Супруги молча переглянулись и кивнули, молвив в один голос:
– Хорошо.
Подошёл автобус. Татьяна помогла старикам вскарабкаться на высокую приступку «Икаруса», взошла сама. Им удалось сесть вместе на заднее сиденье, несмотря на то, что салон оказался переполнен. Какой-то раньше заскочивший паренёк, скользнул глазами по девушке, шмыгнул носом и уступил ей место рядом с Бердыевым и его женой. Они проехали широкий бульвар, ведущий от аэропорта к шоссе, повернули налево, и вскоре за окном потянулись живописные холмы подмосковного посёлка, застроенные вперемежку разваливающимися дачами хрущёвских времён, расписными коттеджами «новых русских» и сиротливо прячущимися в сень кустарников бывшими барскими особняками, доставшимися в наследство от дореволюционных хозяев и с тех пор не перестраивающимися, в которых ютились детские дома, юношеские спортивные базы и ещё какие-то оздоровительные учреждения, к удивлению, ещё не разогнанные новой властью. Каждый из таких обветшалых особняков из последних сил пытался сохранить остатки былого великолепия, но производил впечатление столь же удручающее, какое обычно вызывает вид стареющей красотки, натужно прячущей под слоями обильной косметики следы своего дряхления. На этом фоне впечатляюще выглядело здание примерно тех же вековой давности времен, явно заселённое разумными хозяевами, потратившими усилия на то, чтобы живописно подчеркнуть все трещины и сколы, усиливая эффект старины, нимало не смущаясь нарочитыми следами разрушения, а, напротив, аккуратно ухаживая за проросшими сквозь фундамент чахлыми берёзками, оградив  предупреждающими  колышками место, куда периодически падают куски отваливающейся штукатурки,  и подкрашивающие свисающие лохмотьями куски рваного кровельного железа над балюстрадой и иными нефункциональными архитектурными излишествами «барского архитектурного стиля». С интересом рассмотрев проплывшее мимо окон строение, Татьяна обернулась к Бердыевым, чтобы обратить их внимание на него.

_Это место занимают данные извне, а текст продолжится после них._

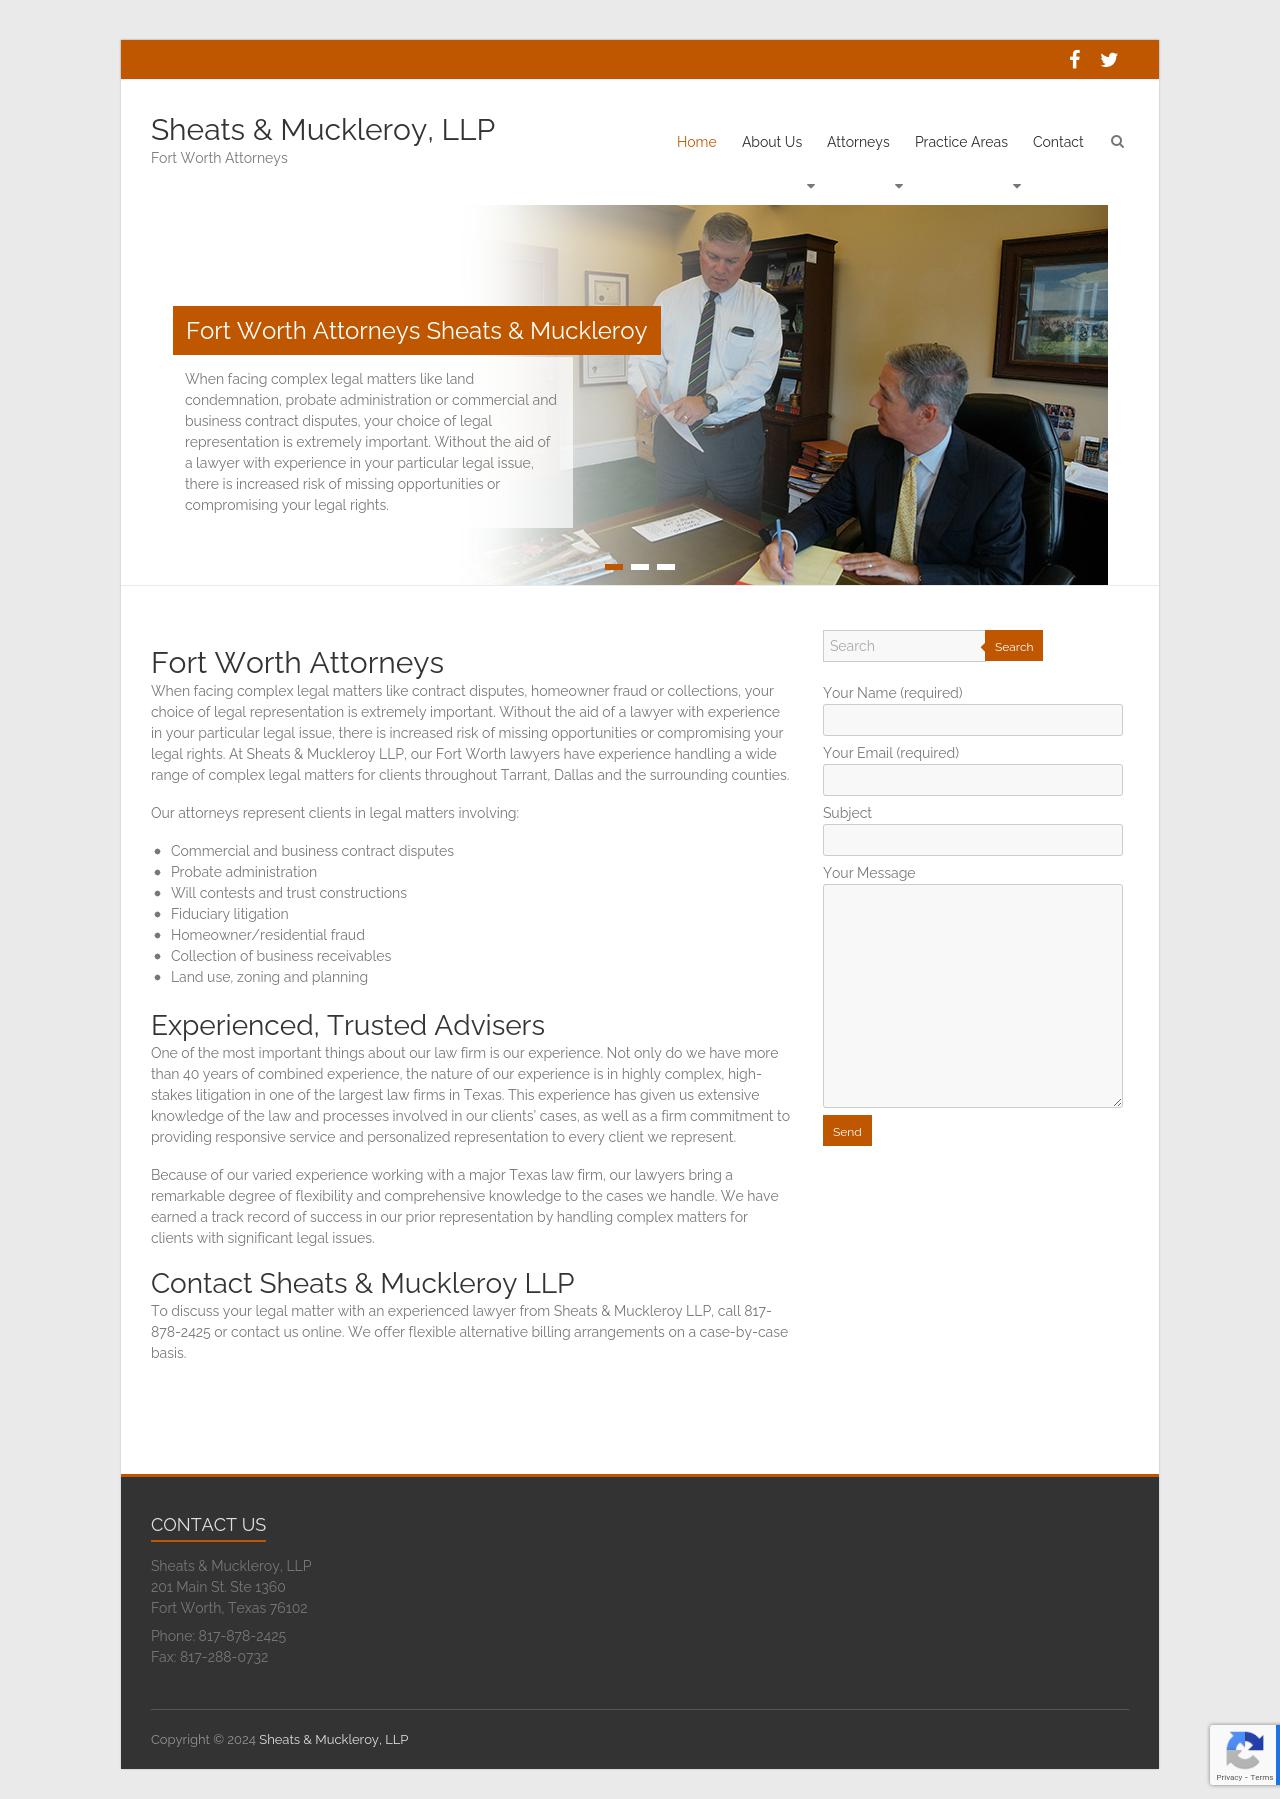 Sheats & Muckleroy LLP - Fort Worth TX Lawyers

Хайрулла лукаво щурясь, кивнул девушке и заметил:
– Давно знаем этот дом. Там бывшие детдомовцы живут. Им государство комнаты даёт, как 16 исполнится, они туда и попадают. Жильё с виду ветхое, но 100 лет простоит, не сомневайся, милая. А ребята, сама понимаешь, с руками, с головами. Как-то жить-то ведь надо.
– Откуда Вы знаете? – изумилась Таня.
– А мы часто здесь в гостях бывали, когда Карим ещё живой был. Из этих интернатских многие в военное училище поступили. И Ваня тоже из них. Это сейчас он в хорошей квартире живёт. С Надей, детишками и её родителями. А детство провёл в этом самом доме.

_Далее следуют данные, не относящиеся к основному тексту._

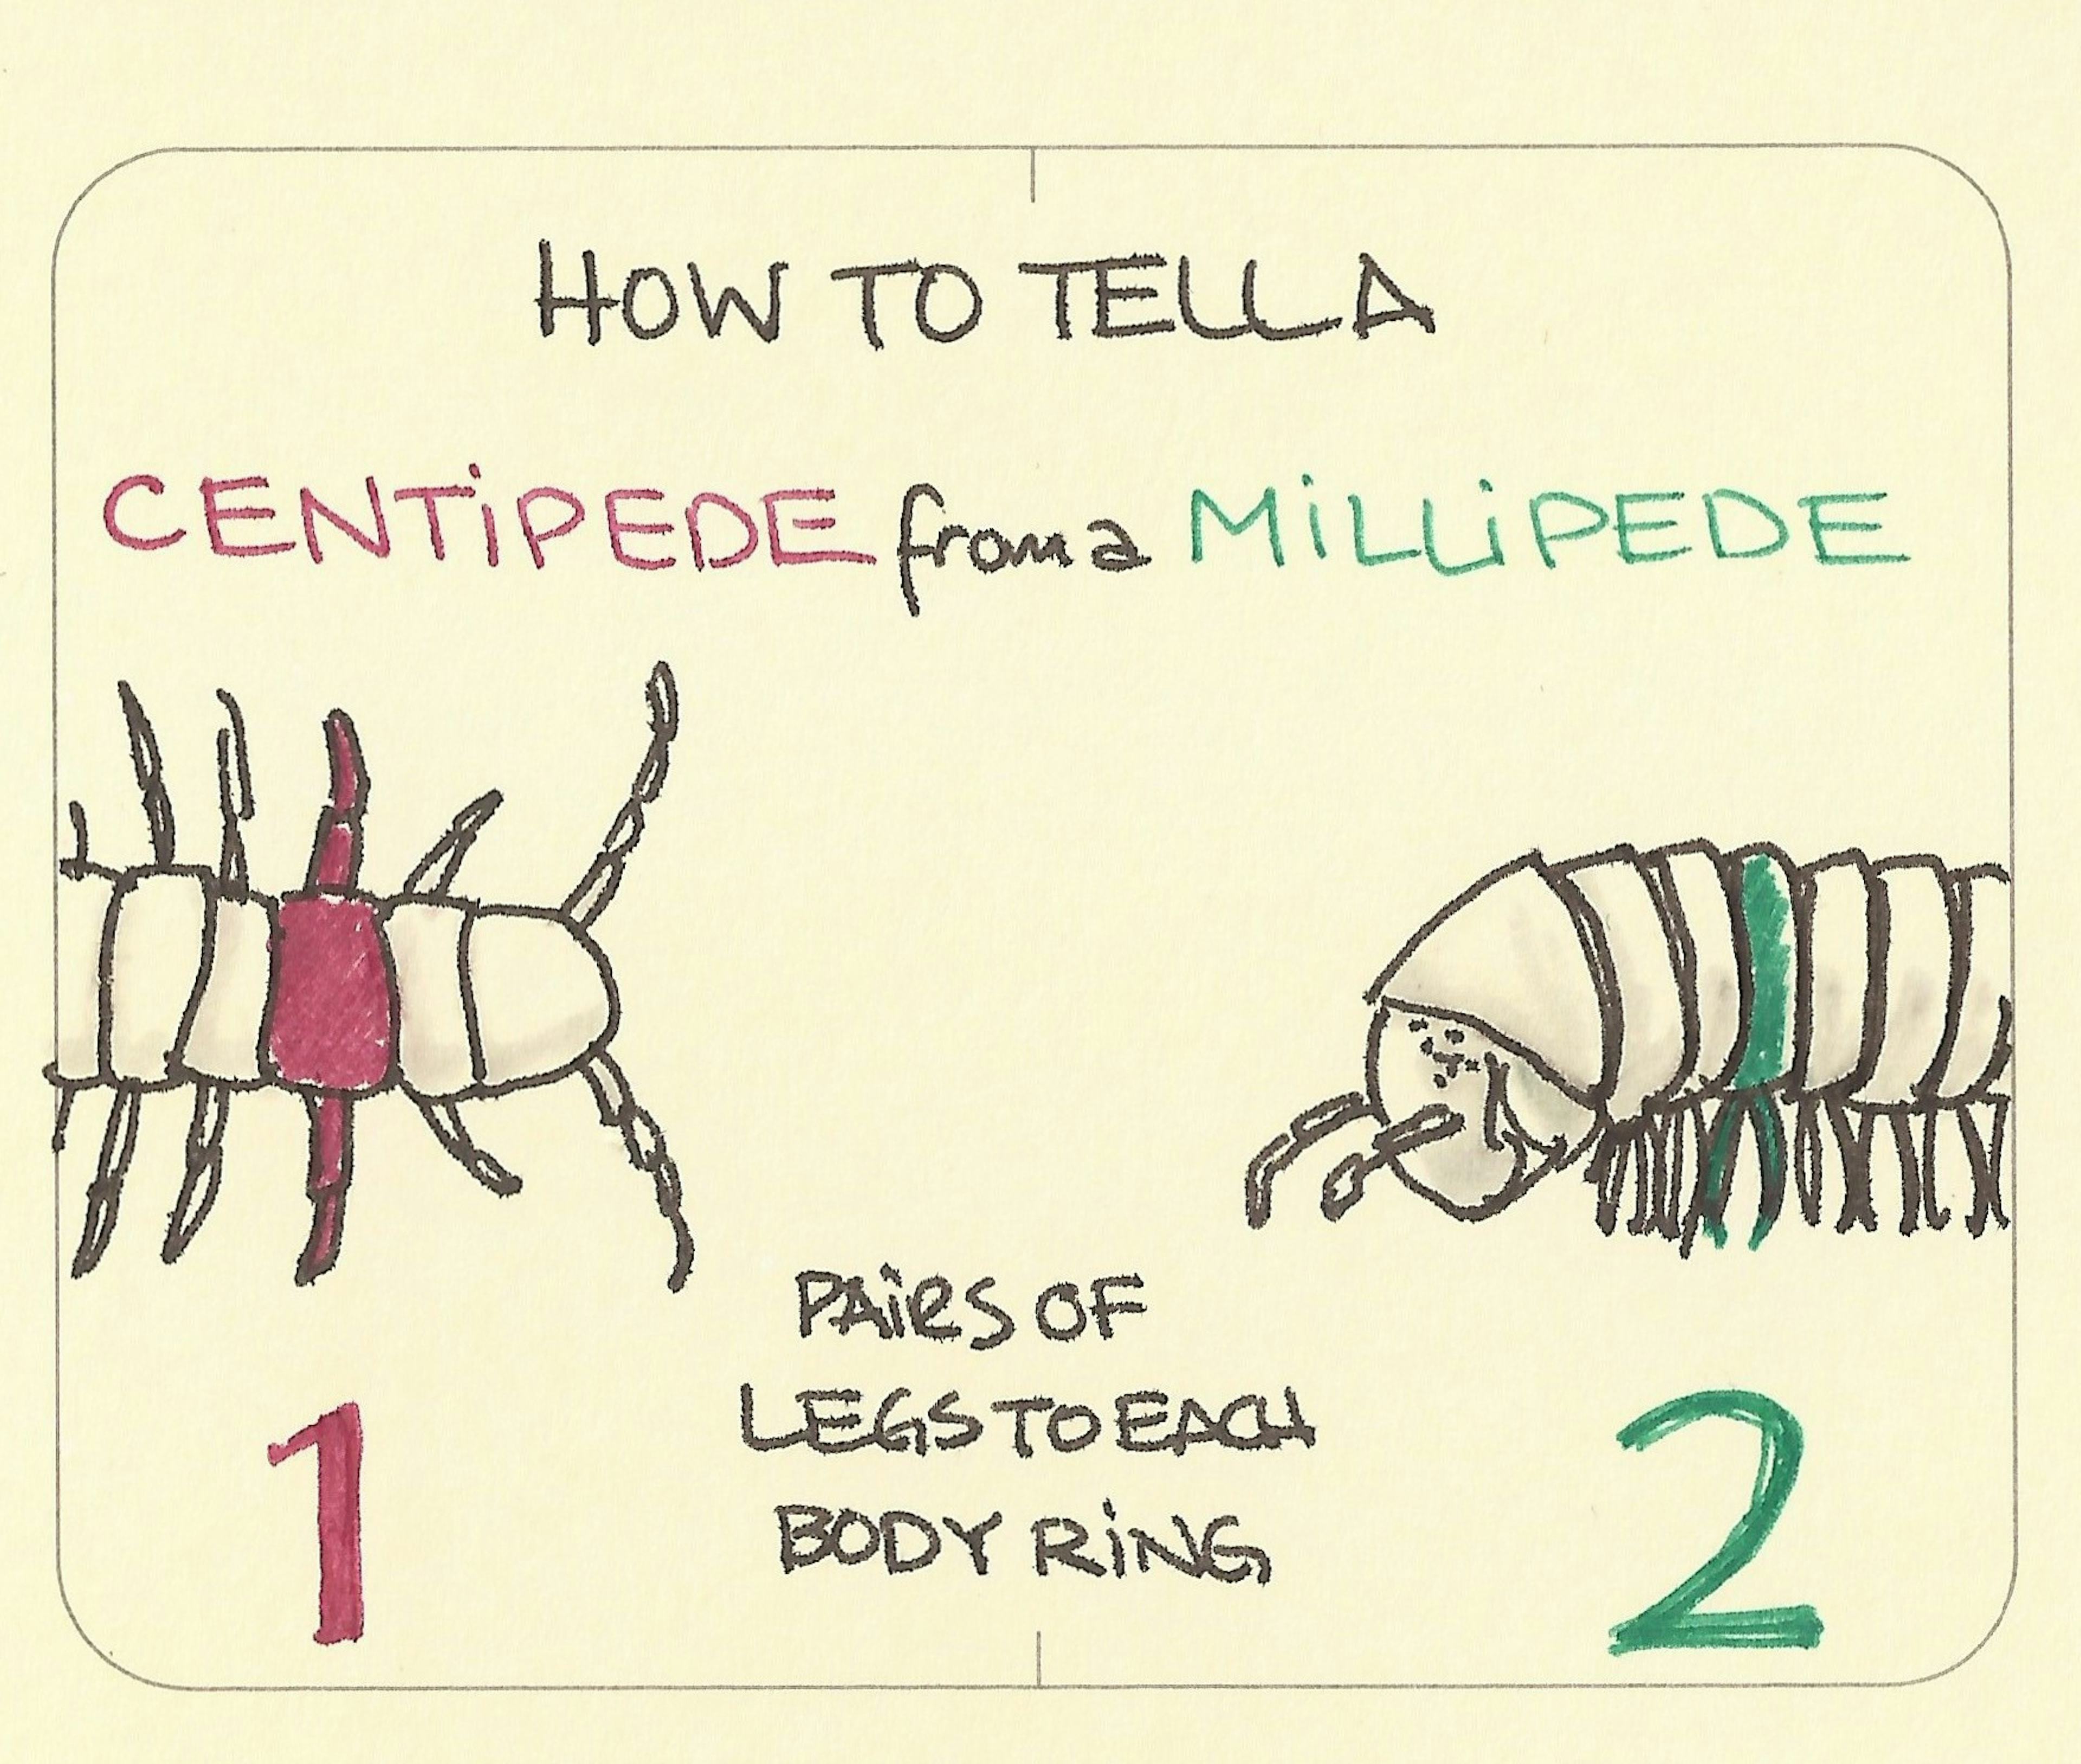 How to tell a centipede from a millipede - Sketchplanations

– А как же получилось, Хайрулла-ака, что так далеко от родного дома похоронили сына Вашего?
– Рядом с воинской частью, где он служил, специальное кладбище. Только герои лежит. Много героев. Наши советские мальчики. Пока мы землю возделывали, дома строили, детей растили, они воевали и погибали за нас. И офицеры, как Карим, и простые рядовые. Советская власть не больно-то любила говорить о них. Вроде, секрет. Но хоронила по чести, как подобает. И семьям помогала. Но был приказ. Тоже секретный. Офицеров, по возможности, не хоронить в семейных кладбищах, только в воинских. И подальше от родного дома. Ты же понимаешь, милая, это нам говорят, что только 15 тысяч погибло в Афганистане. А как такое может быть? За 10-то лет! По 5 человек в день? Я сам служил срочную. Ещё войну захватил с японцами. И я тебе скажу: в мирное время на учениях и то больше потери бывают. Сказки это. Точно знаю: за один день боя в Панджшере наших убило 820 человек, а ещё 4 тысячи раненных. А Панджшер из 10 лет считай 5 полных воевали. Так вот, Таня.
– Нам далеко ещё ехать? – ёжась от услышанного, спросила девушка. Ей ответила жена Бердыева:
– Нет, не доезжая Кольцевой сойдём, а там полкилометра пройти, и пришли. Скоро уже выходить будем. А ты расскажи нам про своего брата. У тебя есть его фотография?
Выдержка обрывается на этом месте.